◆ **Activity**:
Copy each line below as it stands, but skip any picture it contains.

(Excerpts from a dataset)

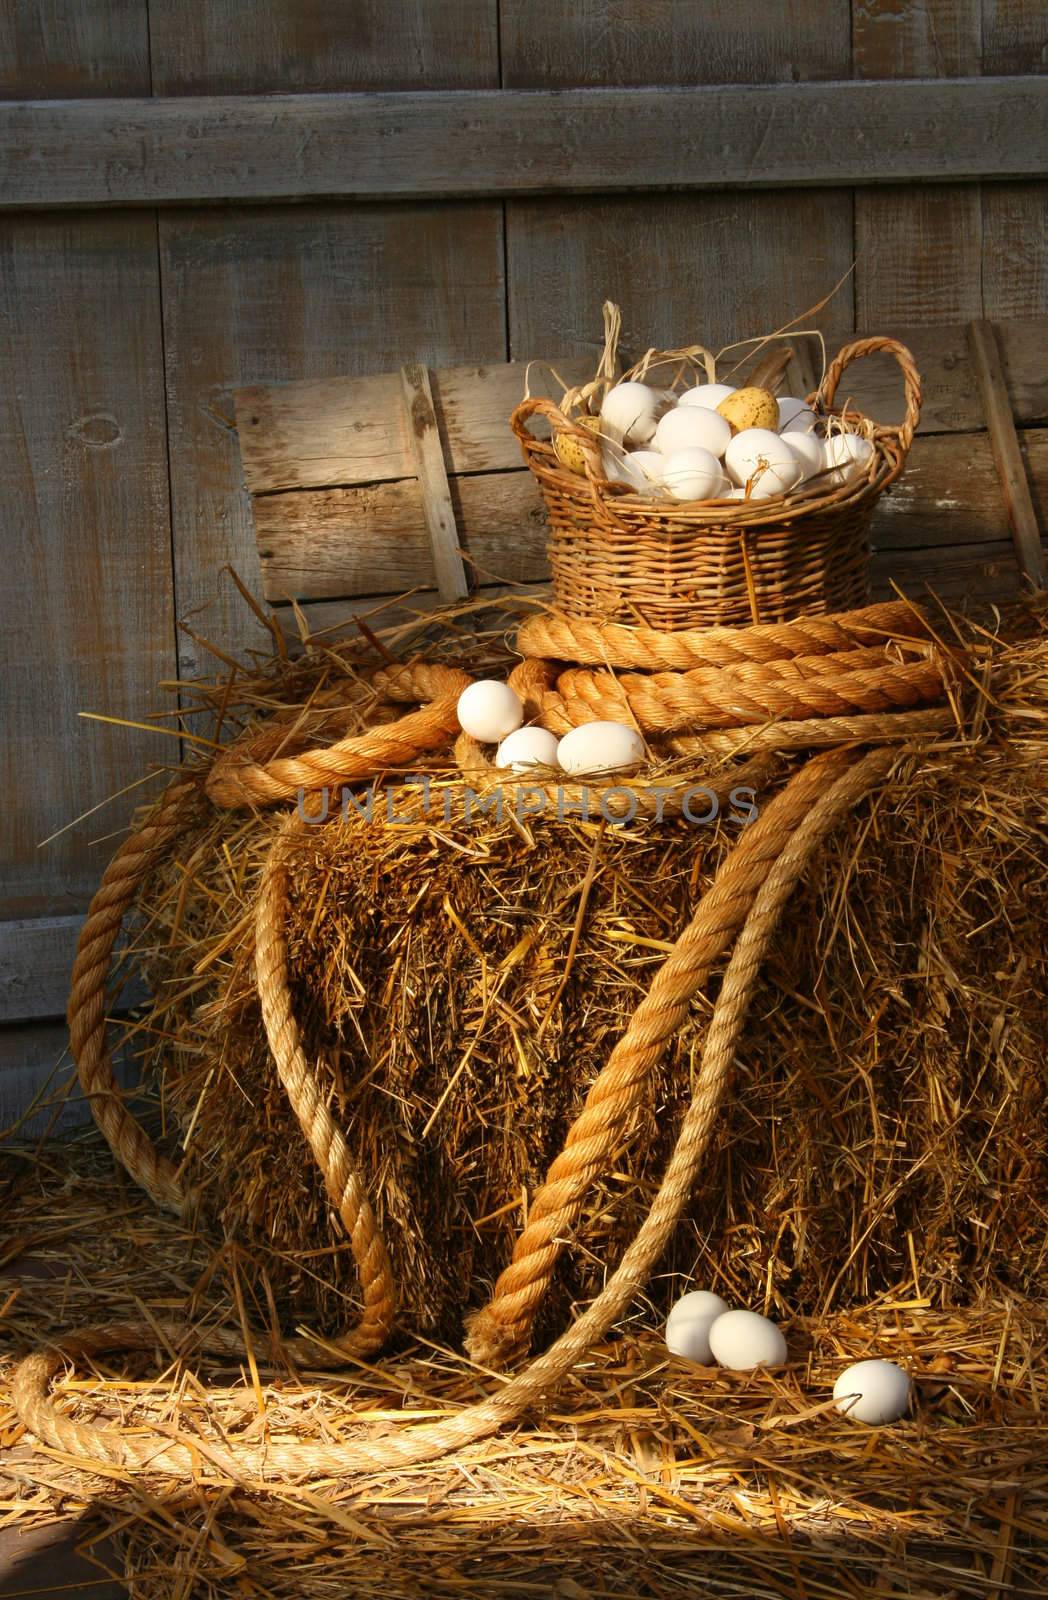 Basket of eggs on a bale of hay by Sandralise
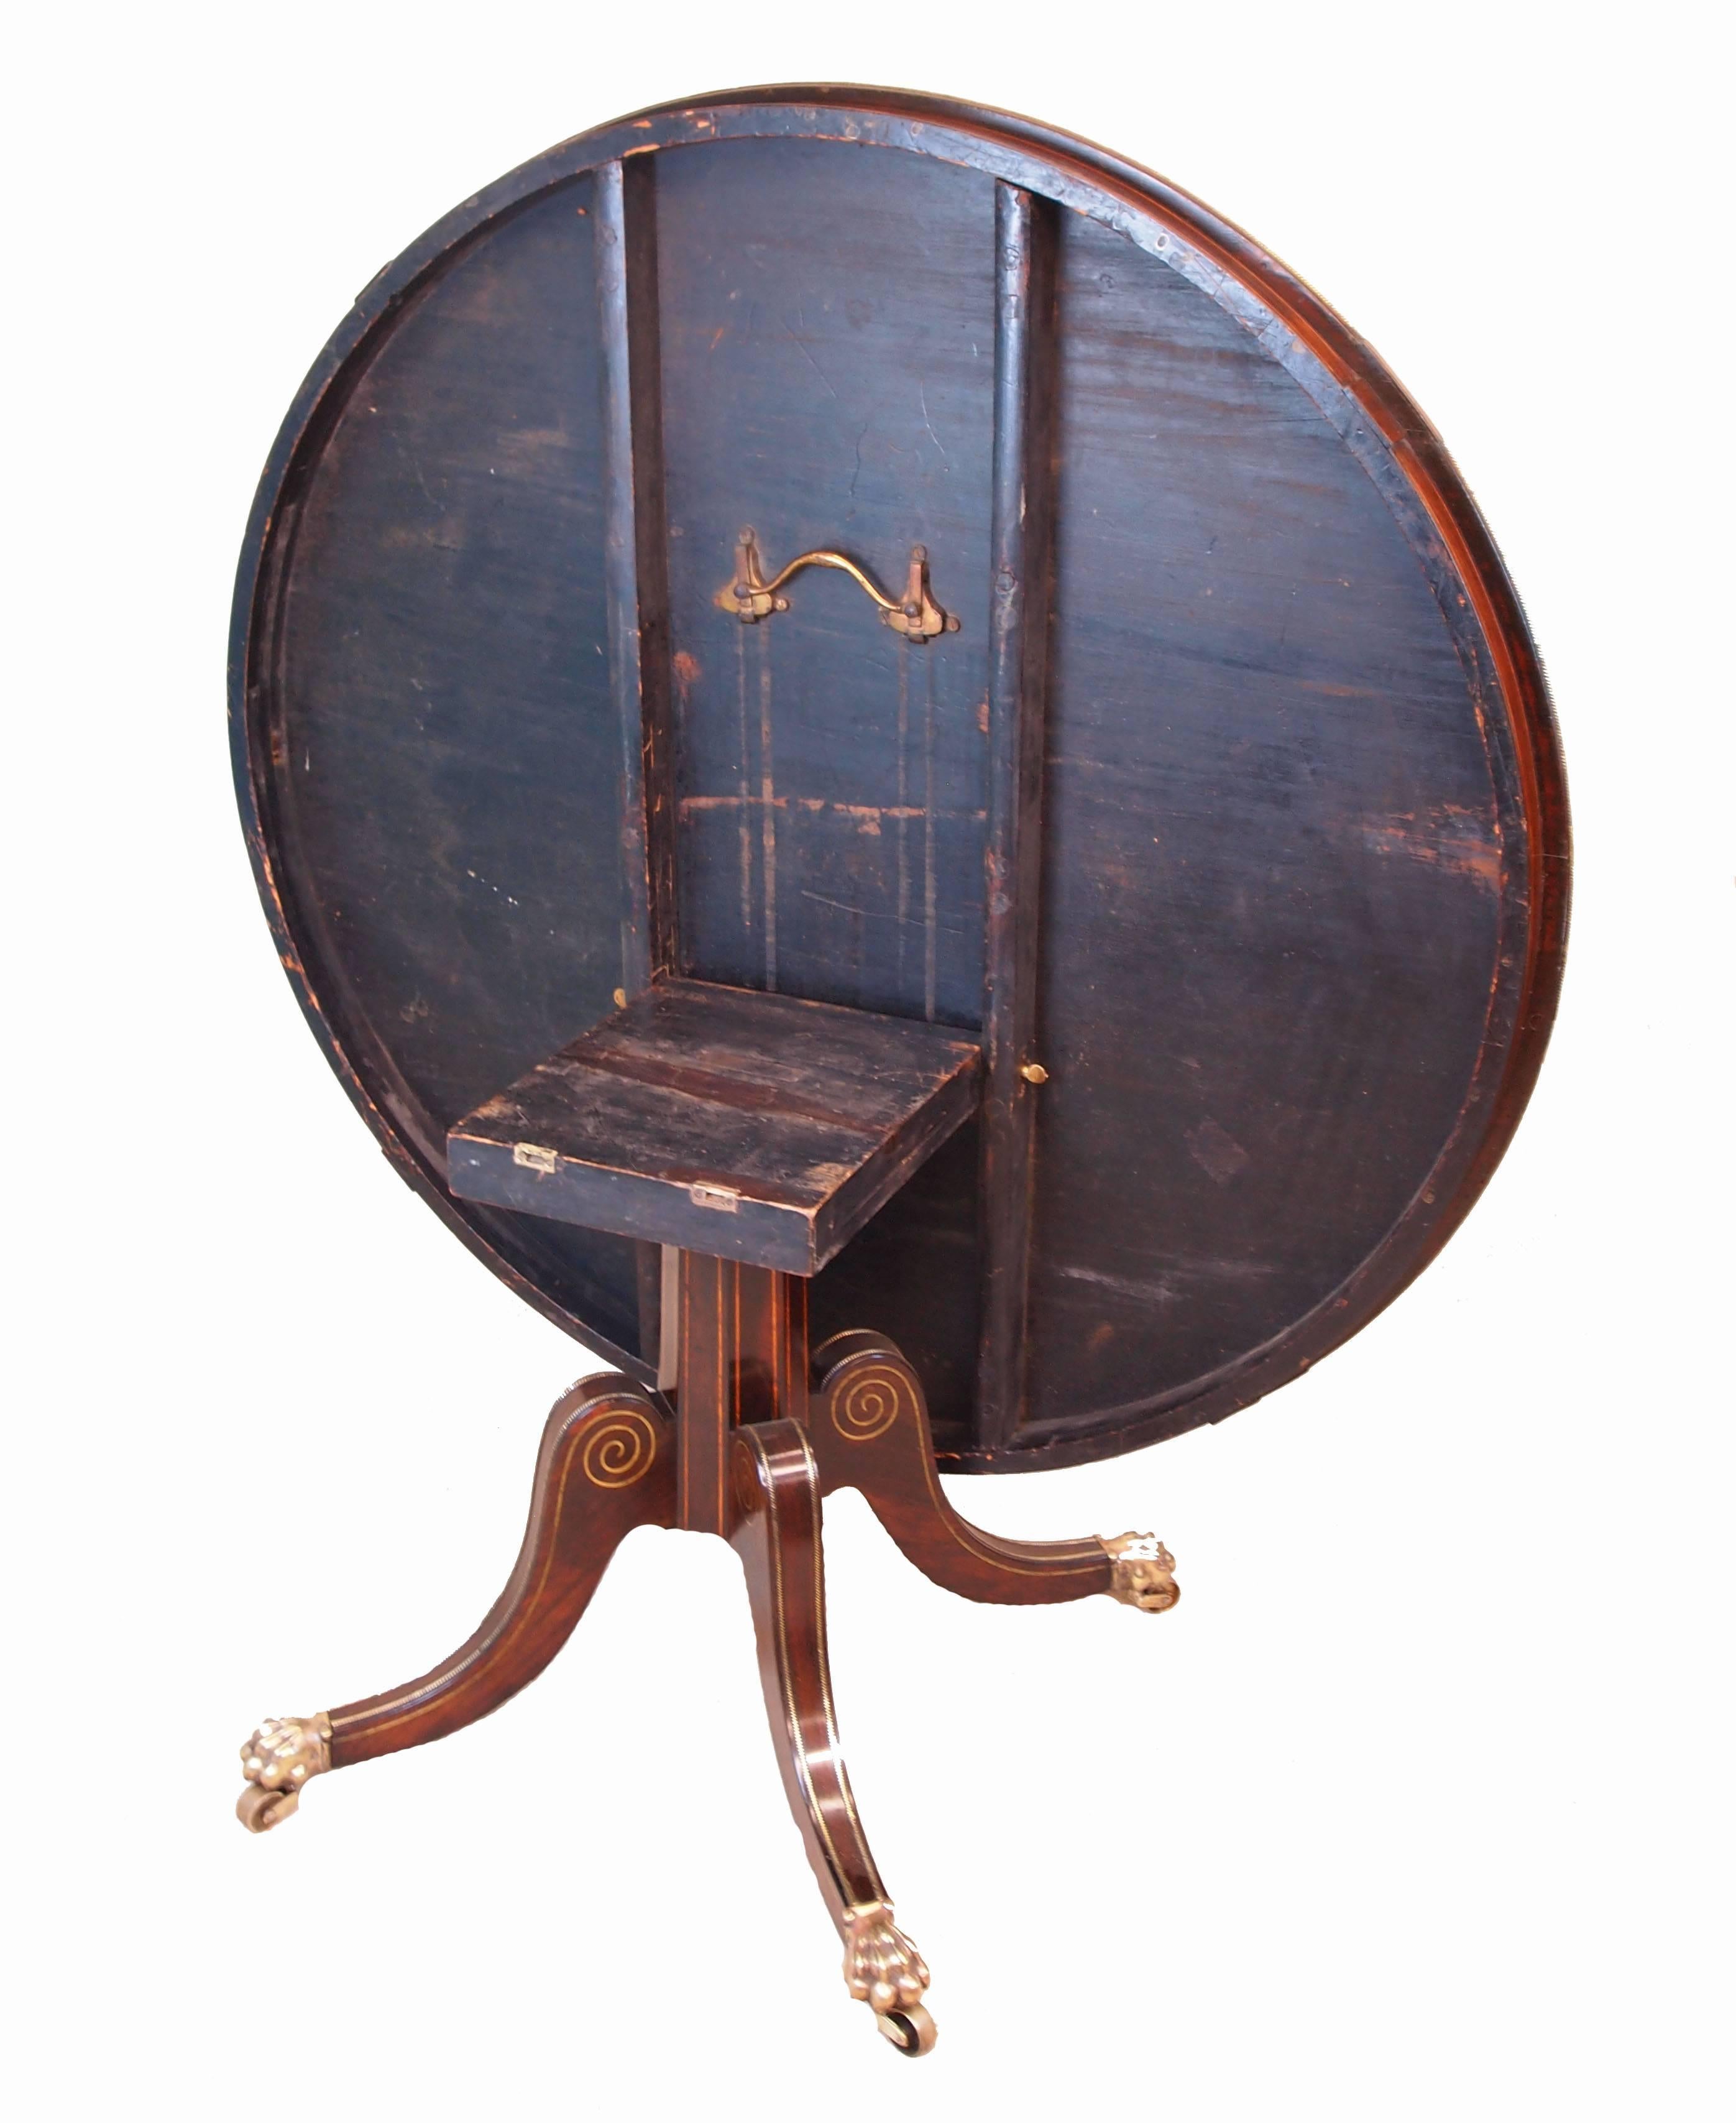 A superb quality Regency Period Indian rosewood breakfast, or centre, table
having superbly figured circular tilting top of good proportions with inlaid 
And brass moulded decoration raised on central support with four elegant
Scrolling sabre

◆ **The completed task**:
 Basket of eggs on a bale of hay by Sandralise
 A superb quality Regency Period Indian rosewood breakfast, or centre, table
having superbly figured circular tilting top of good proportions with inlaid 
And brass moulded decoration raised on central support with four elegant
Scrolling sabre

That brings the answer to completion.